Stem Raises $20 Million To Help Music Artists Get Paid

Kristin Snyder

Kristin Snyder is dot.LA's 2022/23 Editorial Fellow. She previously interned with Tiger Oak Media and led the arts section for UCLA's Daily Bruin.

Stem co-founder and CEO Milana Lewis
Courtesy of Stem.

Stem, a music tech startup focused on helping artists with distribution and payments, has raised $20 million in a new funding round.

Fintech-focused venture capital firm QED Investors led the funding and was joined by Block, the Jack Dorsey-led payments tech company formerly known as Square. Block notably paid nearly $300 million last year to acquire a majority stake in TIDAL, the music streaming service backed by rapper Jay-Z.

Existing investors Slow Ventures and Quality Control also pitched in on Stem’s new round, which takes the Los Angeles-based startup’s total funding to around $40 million.

Since launching in 2015, Stem has merged financial management tools with music distribution capabilities, working with independent record labels like Big Loud as well as major artists like Wiz Khalifa. Its dashboard includes tools for artists, managers and labels to oversee their revenues, split funds with collaborators and receive automated payments. While only Stem-distributed artists can currently access its financial tools, the new funds will go toward expanding the platform’s existing royalty accounting features to other music distributors.

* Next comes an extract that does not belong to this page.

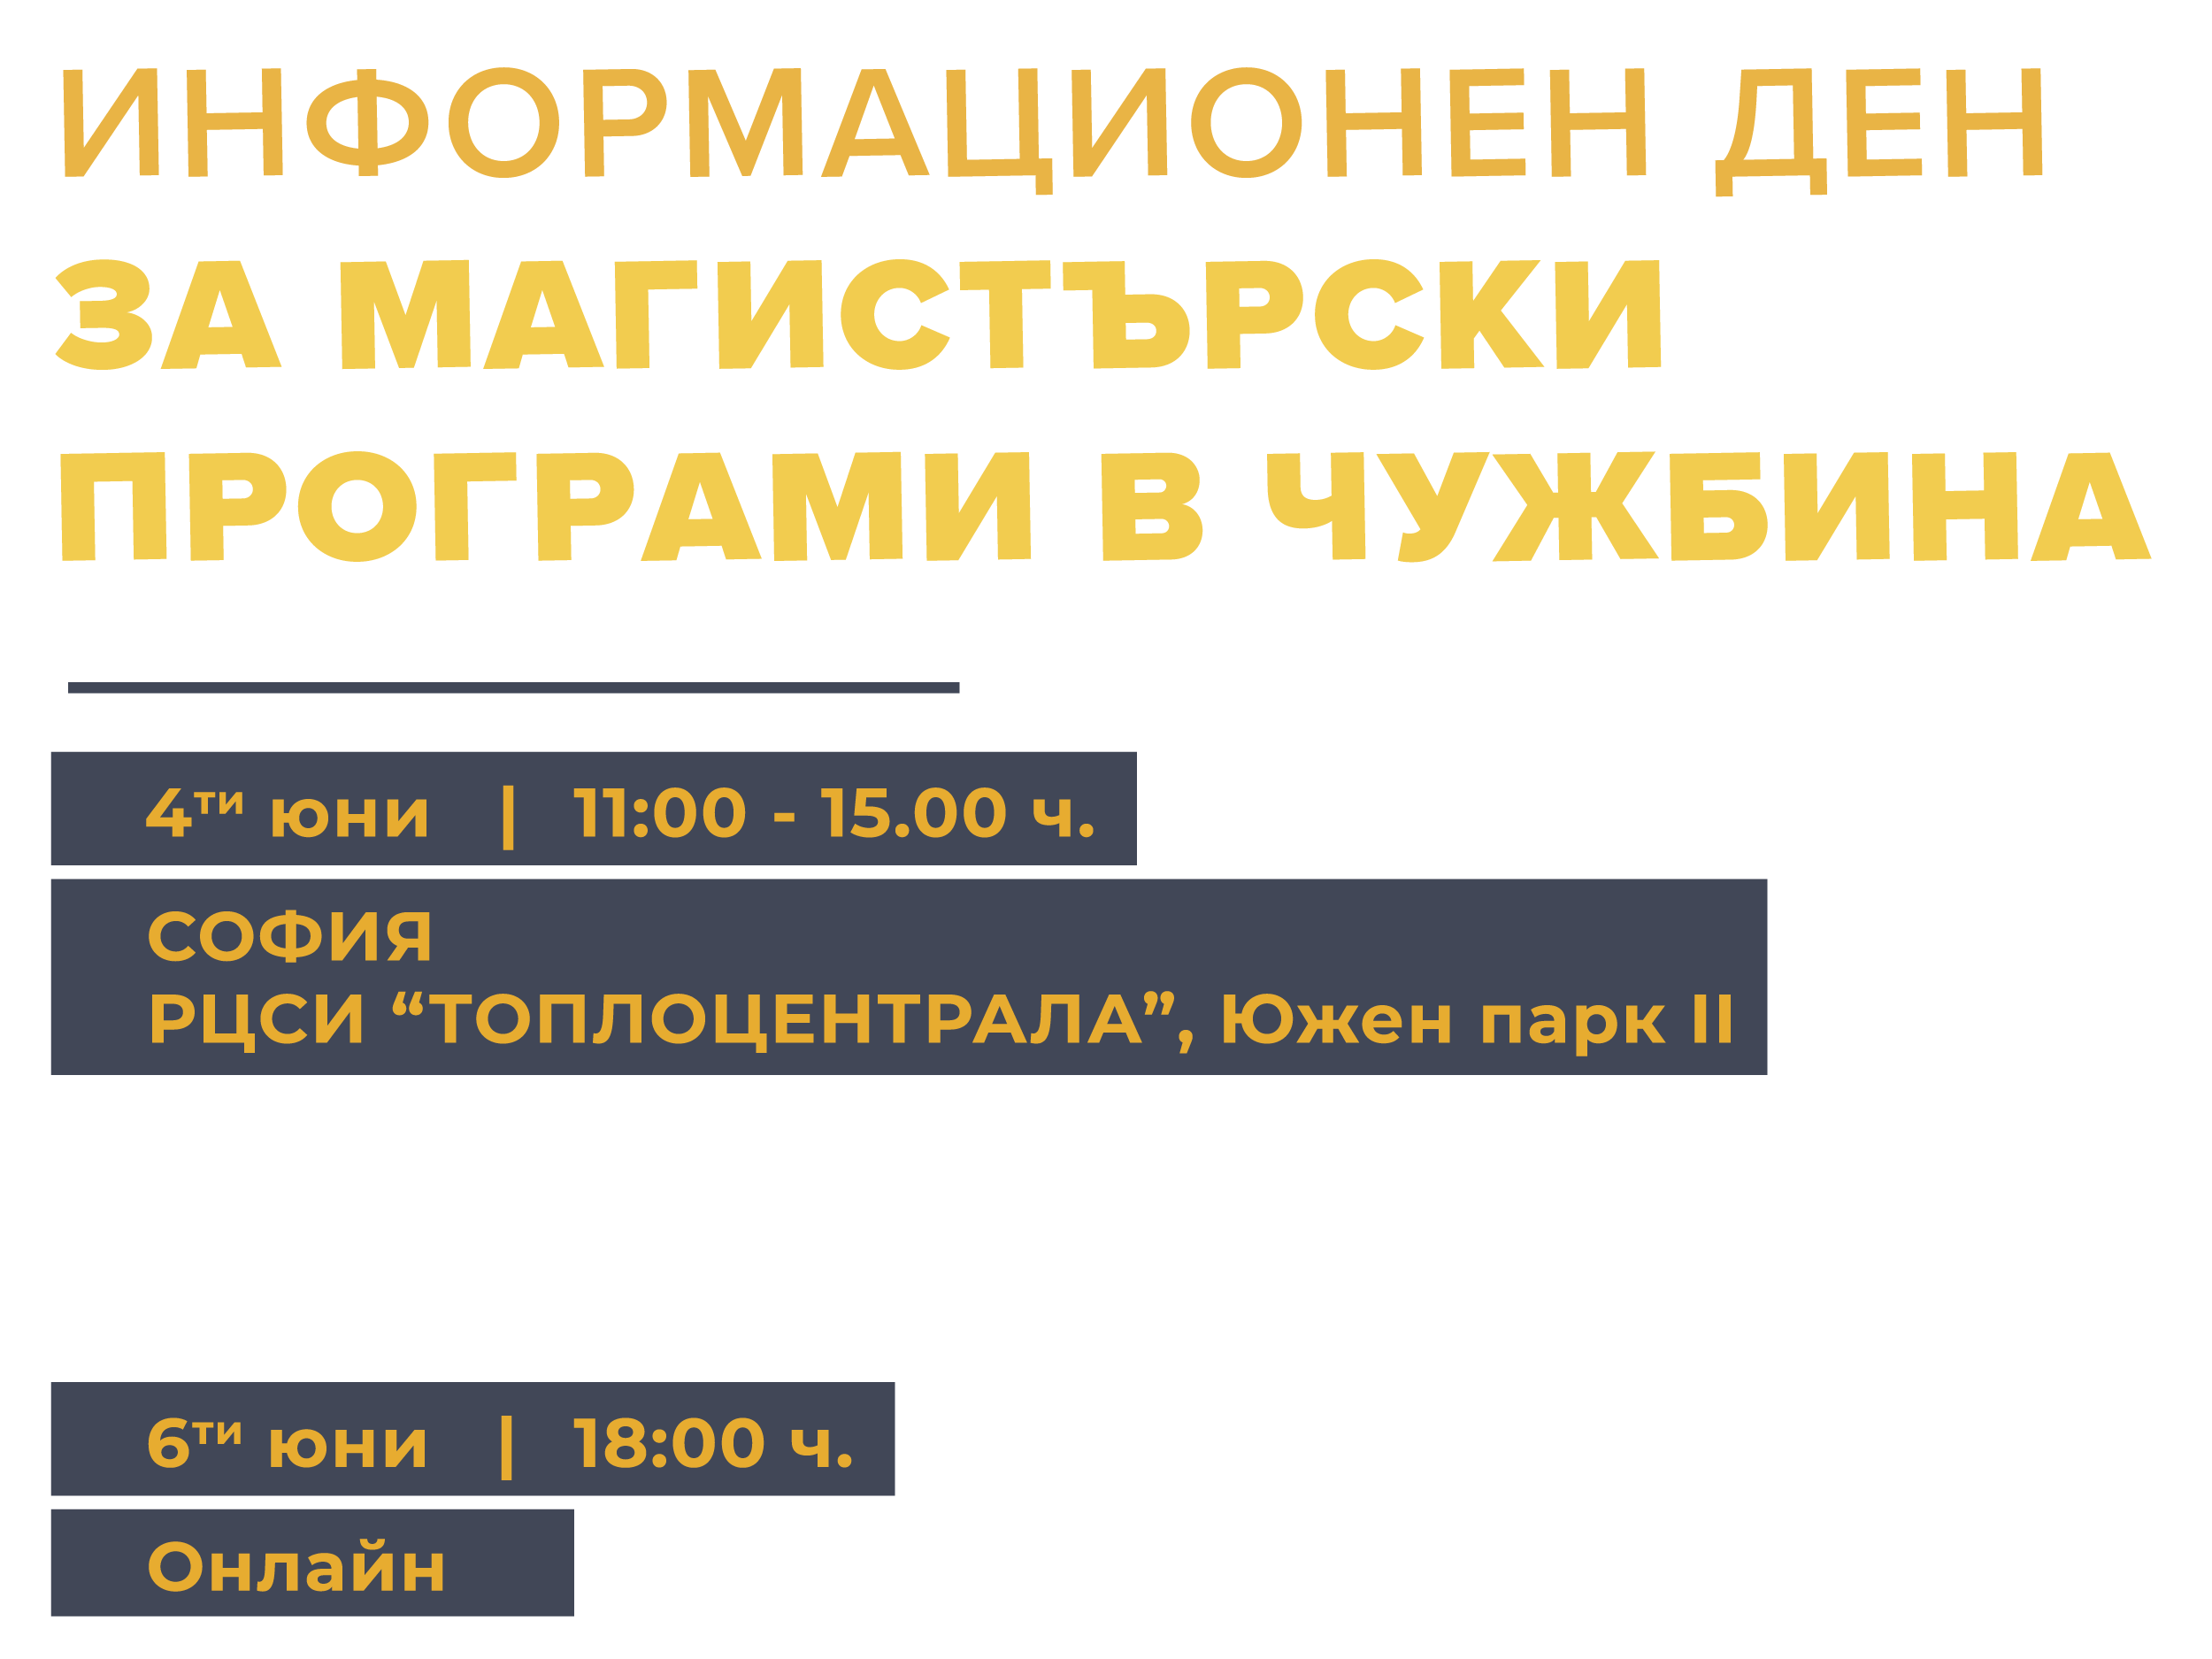 Text-MasteryourFuture-final-01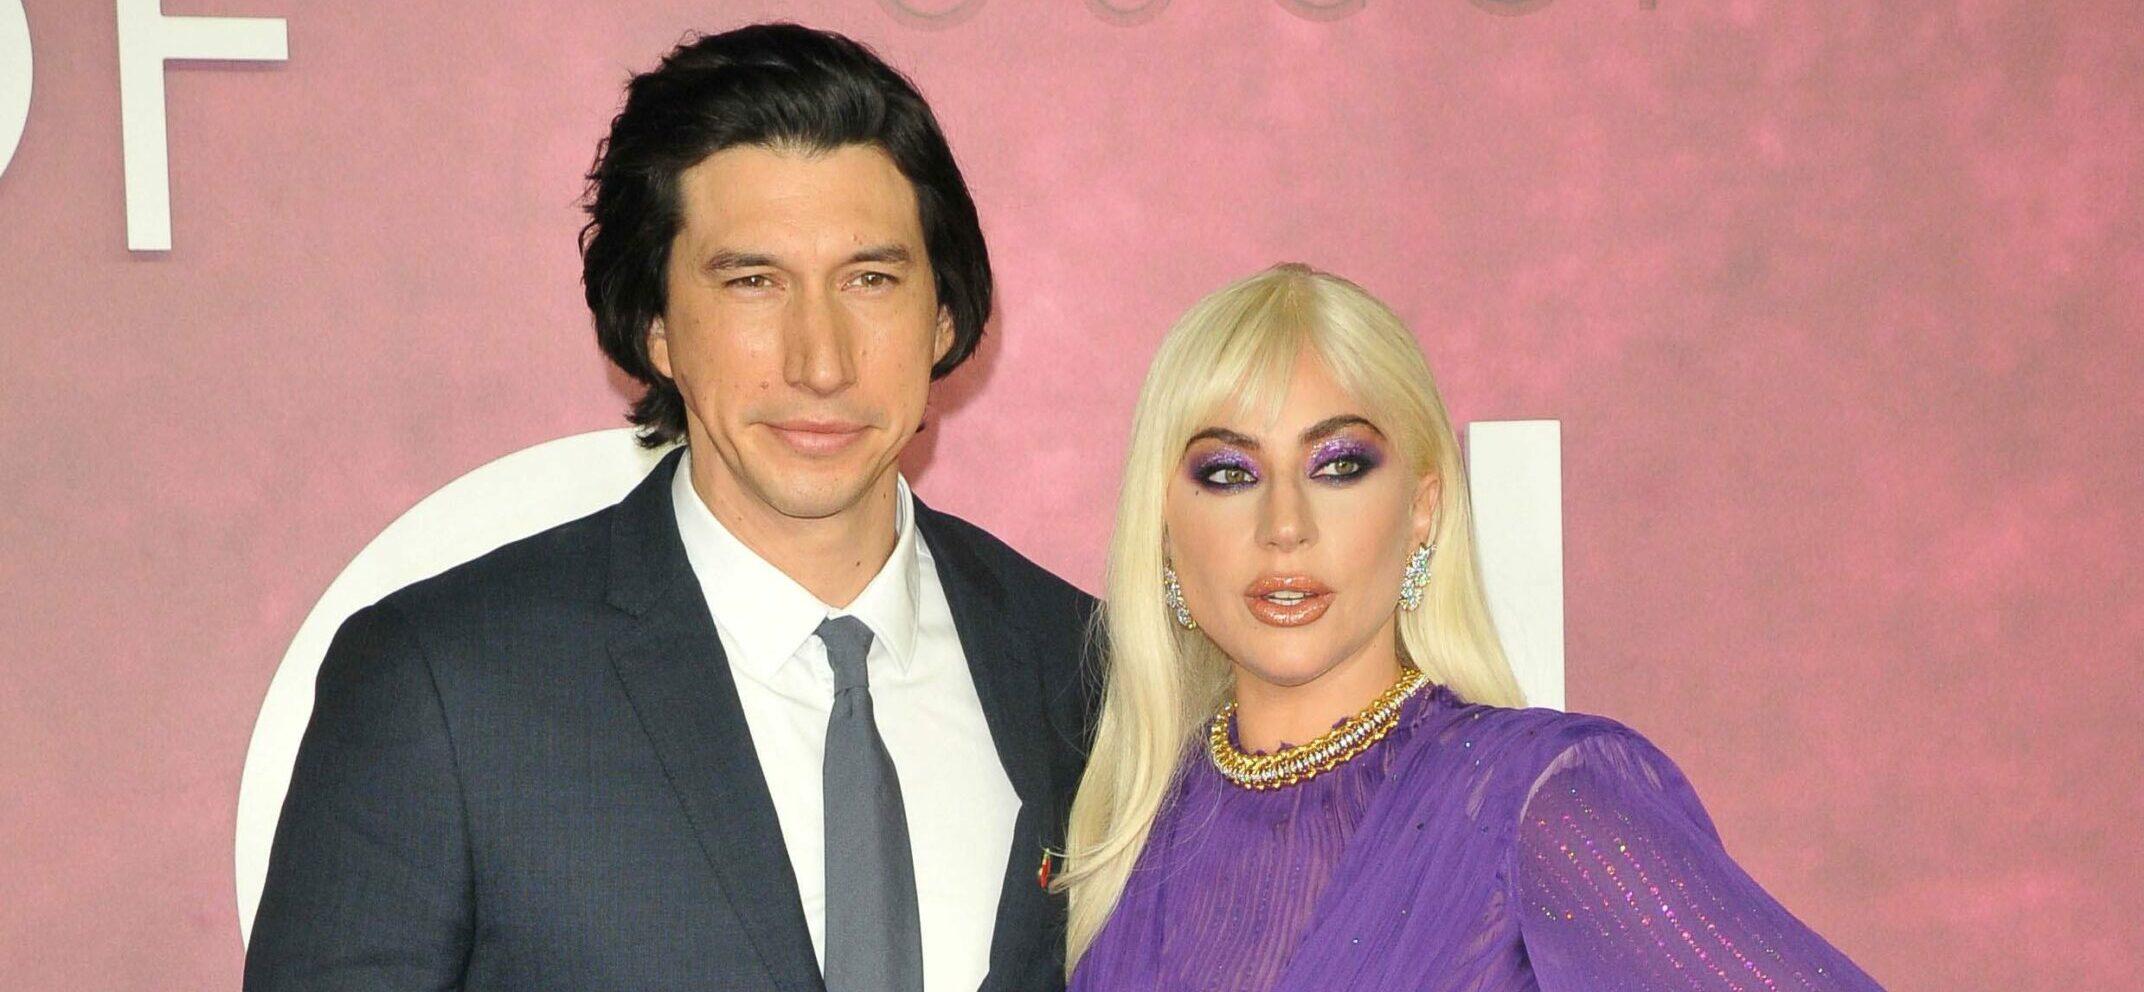 Lady Gaga And Adam Driver Show Sizzling Chemistry At The ‘House Of Gucci’ World Premiere In London

Stem co-founder and CEO Milana Lewis told dot.LA that she launched the startup based on her experiences as a talent agent for industry heavyweight United Talent Agency—a role in which she saw firsthand how difficult it was for artists trying to aggregate multiple revenue streams. Stem was born out of Lewis’ desire to streamline the process.

“Getting into music has always been hard for anyone that works in music,” Lewis said. “There’s this notion of a starving artist for a reason: It’s because the business is really complex, and it’s gotten more complex.”

With avenues for music monetization—from streaming platforms to home devices—constantly expanding, Stem aims to provide artists with a “financial backbone” allowing them to plan their projects and income, Lewis added.

“Our belief is: What if we build a system that can become the system of record for who gets paid what and how?” she said. “It makes it possible for other really interesting economic things to happen for artists.”

Stem is among a new generation of startups that are turning L.A. into a music tech hotbed—a trend that makes sense given the city's status as a global entertainment capital and home to major labels like Universal Music Group. Last week saw Trac, another startup distribution platform for music artists, raise $2.5 million in new funding, as dot.LA reported.

While streaming has helped the music business evolve its revenue model, that hasn't always been to the benefit of artists: Spotify recently revealed that most artists earned less than $10,000 through its platform in 2021. In turn, some independent musicians have protested against the streaming giant over its low royalty payments.